Translation, Migration, & Gender in the Americas, the Transatlantic, & the Transpacific
5-8 Jul 2017 Bordeaux (France)
The Vertigo of Translation: Willa Cather, Judith Butler and Translation
Véronique Béghain  1  
1 : Université Bordeaux Montaigne
Université Michel de Montaigne - Bordeaux III

In “Withholding the Name, Translating Gender in Cather's ‘On the Gulls' Road'” (2000), Judith Butler identifies Cather's nameless and genderless narrator as a figure of the translator and as what she calls “translative movement.” Butler relies, in particular, on Walter Benjamin's vision of translation as articulated in “The Task of the Translator,” while pointing out Sarah Orne Jewett's reductive reading of Cather's story as a lesbian tale in disguise, as the translation of a narrative of homosexual love into a more conventional one. Border crossing may well be seen as a central motif in Cather's story – primarily as the narrative of a journey between Europe and America that stages a genderless (Butler) or cross-gendered (Jewett) narrator.
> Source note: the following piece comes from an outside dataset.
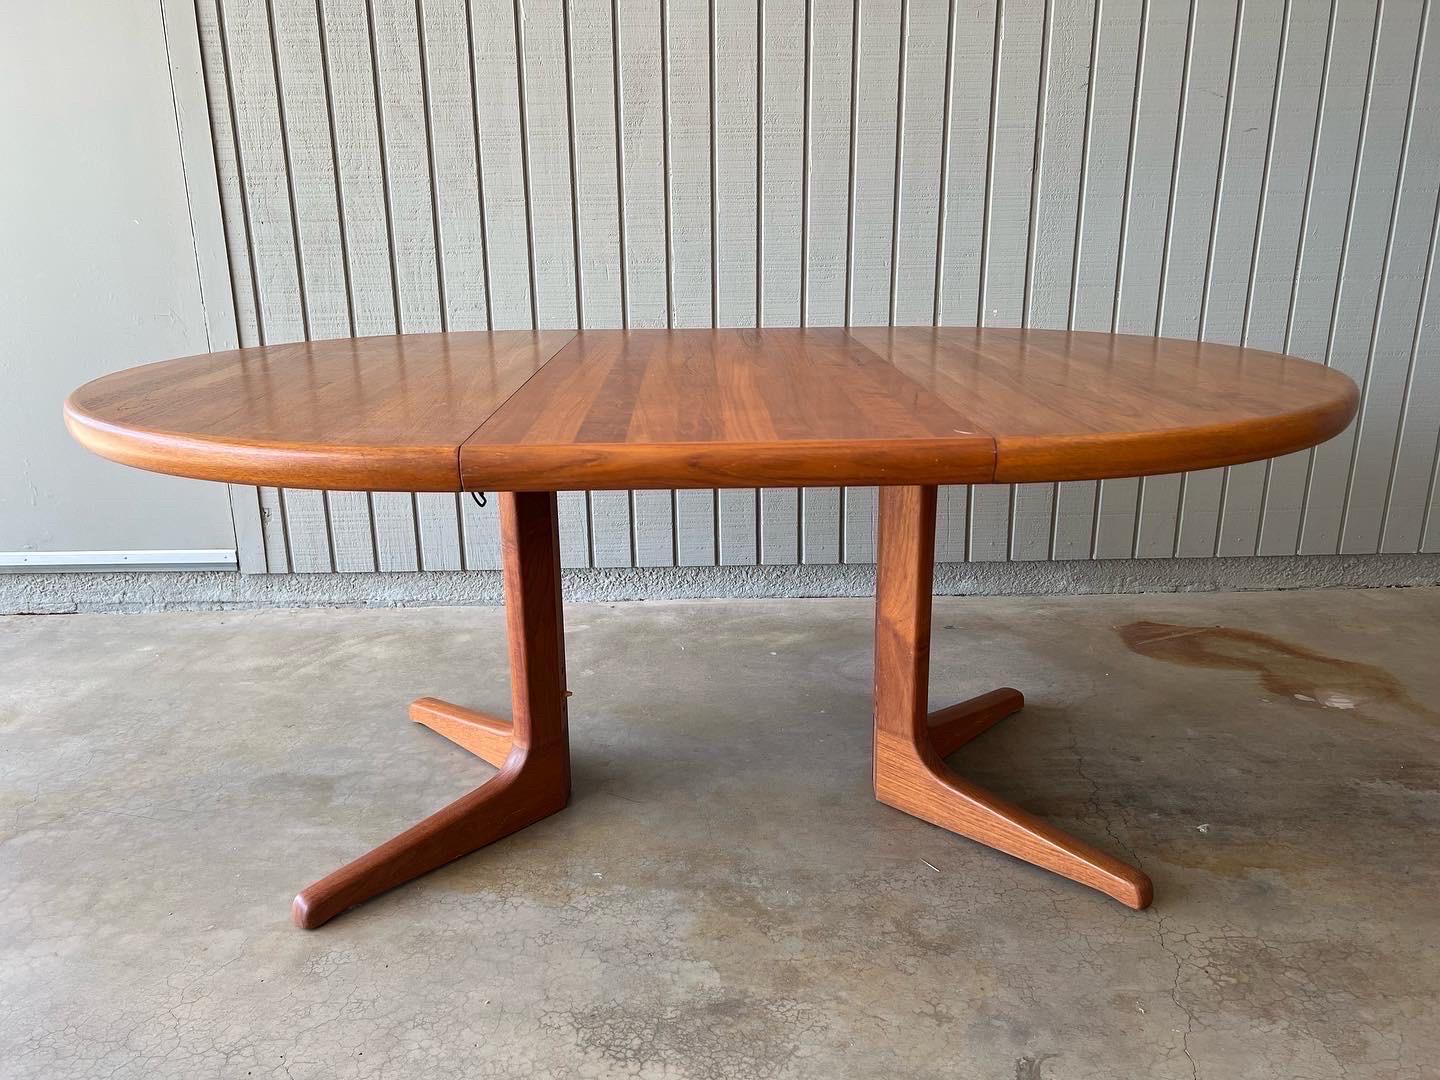 Mid century modern teak extending dining table with two leaves. It is a round pedestal table when no leaves are used. Danish, 1960s-70s, no maker’s mark but purchased from original owners that had it paired with Moller chairs. In excellent condition

I will argue, however, that the subtitle, “The Ambassador's Story,” allows for its interpretation as an early example of “transfiction.” In this context, it is also useful to read Butler's 2000 article in the light of her other major contribution to translation issues, a 2004 article entitled “Betrayal's Felicity,” in which she offers a reading of Barbara Johnson's Mother Tongues, itself in part a reading of De Man as reader of Benjamin – as the latter further uncovers the vertiginous sense of suspended identity that possibly any account of translation, be it fictional or not, entails.